The laughter of our old times echoes in my mind in blurry silver rays and slide slowly down my cheeks every now and then...a whelming emptiness surround me. The people still talk and cheer, your green little plants mumble things for me, and the old Mr. Purrs keep me company, but days are bleak as if I am underwater, my ears ring. The world has grown cold... My love never leaves me to feel this coldness, she warmly embraces me. But what does her warmth feel like? What's her scent like? I will never know...

I will never know, until I see you again.
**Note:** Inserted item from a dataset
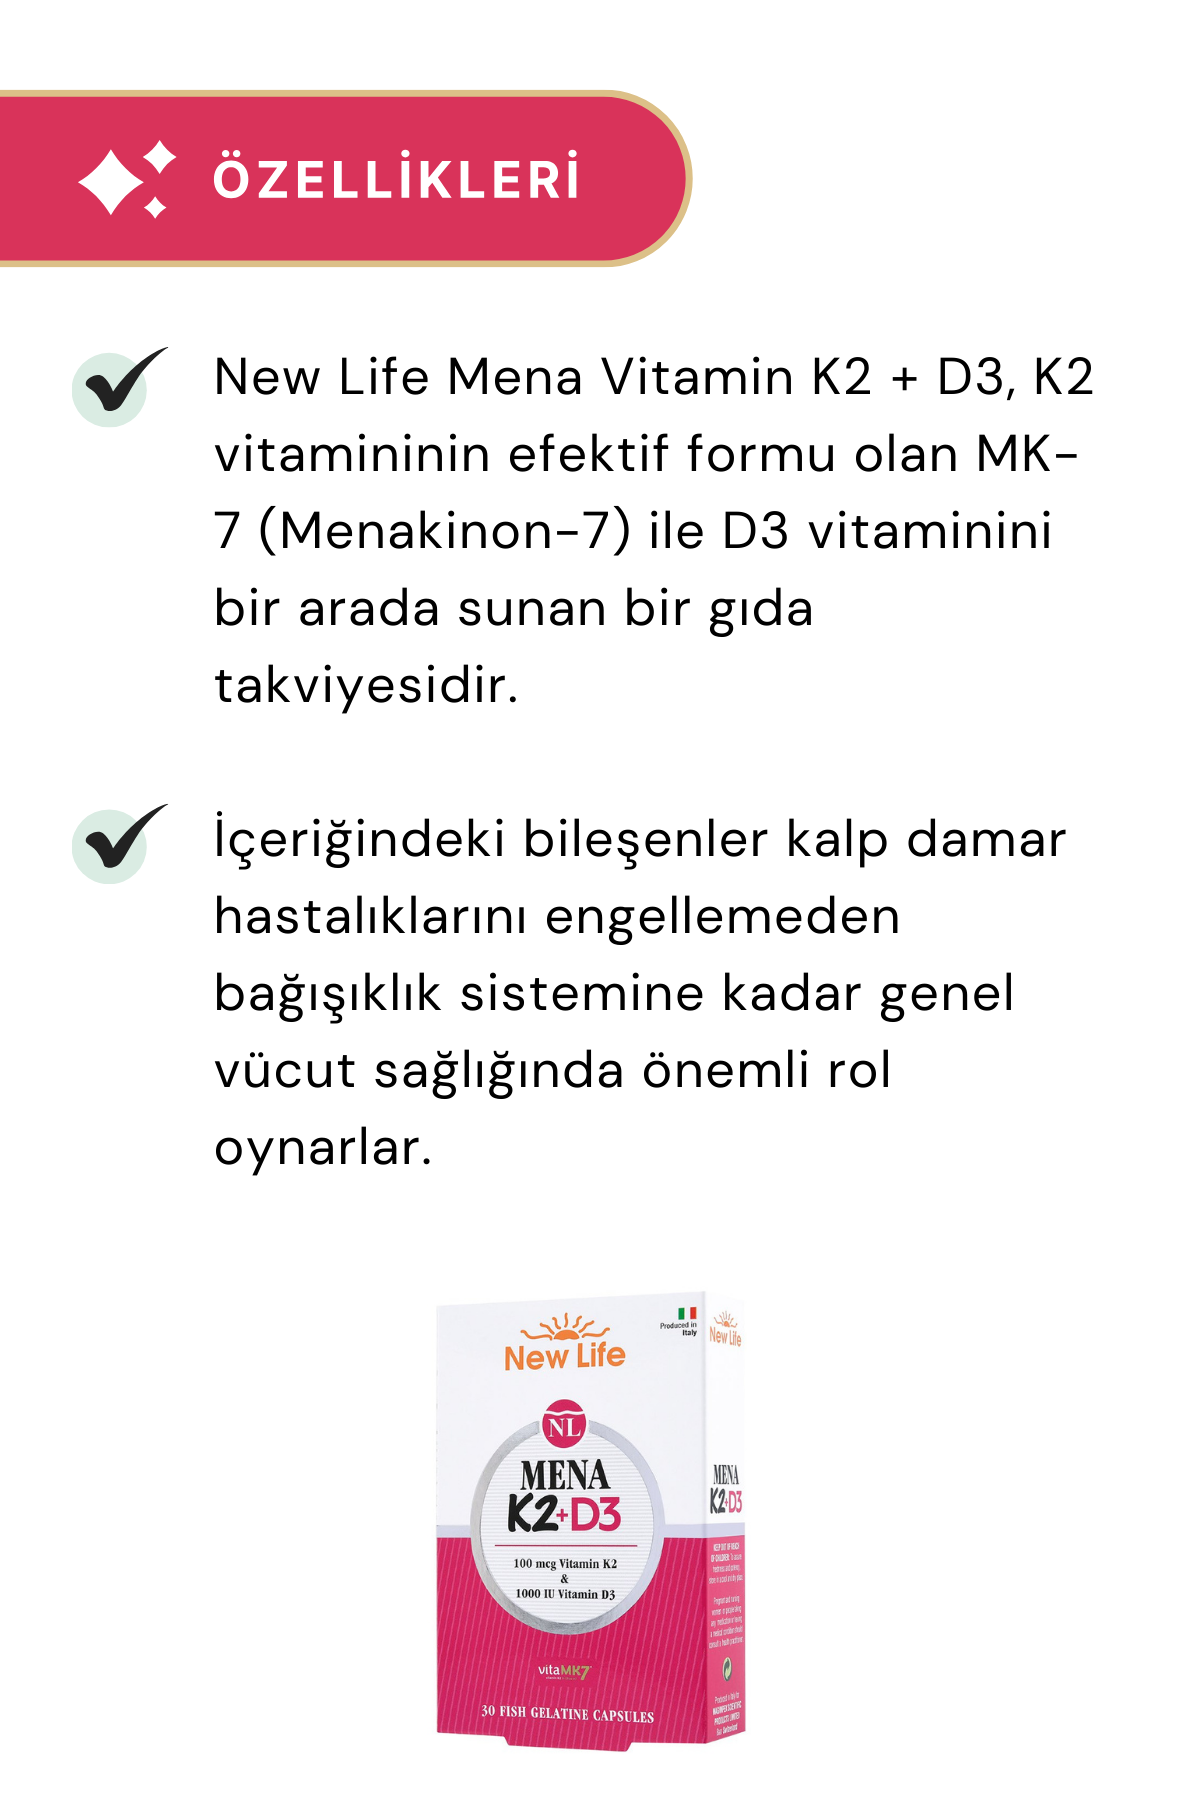 New Life Mena K2 + D3 30 Kapsül 6'lı Paket

Again when we're fifteen, merry and silly. On one sunny day, happily smiling under the tree shades... fall in love again. Feel all these things again. My dream, one last spark to look forward to... soon, very soon... to be with you again.

I never imagined a life without you, but one day it became my reality. Breathing has been pointless ever since. This colorless space gives me no reason, I no longer serve any purpose. What remains now is this deafening sorrow, my bones that creak, the pain of losing pieces of you over time, and this heavy hollowness in my heart. My love, this throbbing ache in my chest wouldn't go away. I could head to the doctors and get it treated, lengthen the misery that's my life. But I will not, as I do not want this. I find no pleasure in this living my love.

This cruel and tedious cycle of eternity needs to end.

And,

Under the green shades we need to meet.

Again, to walk hand in hand...

to our beautiful life.




__________________1st Feb 2024

Rusty af writing, where did my creativity go?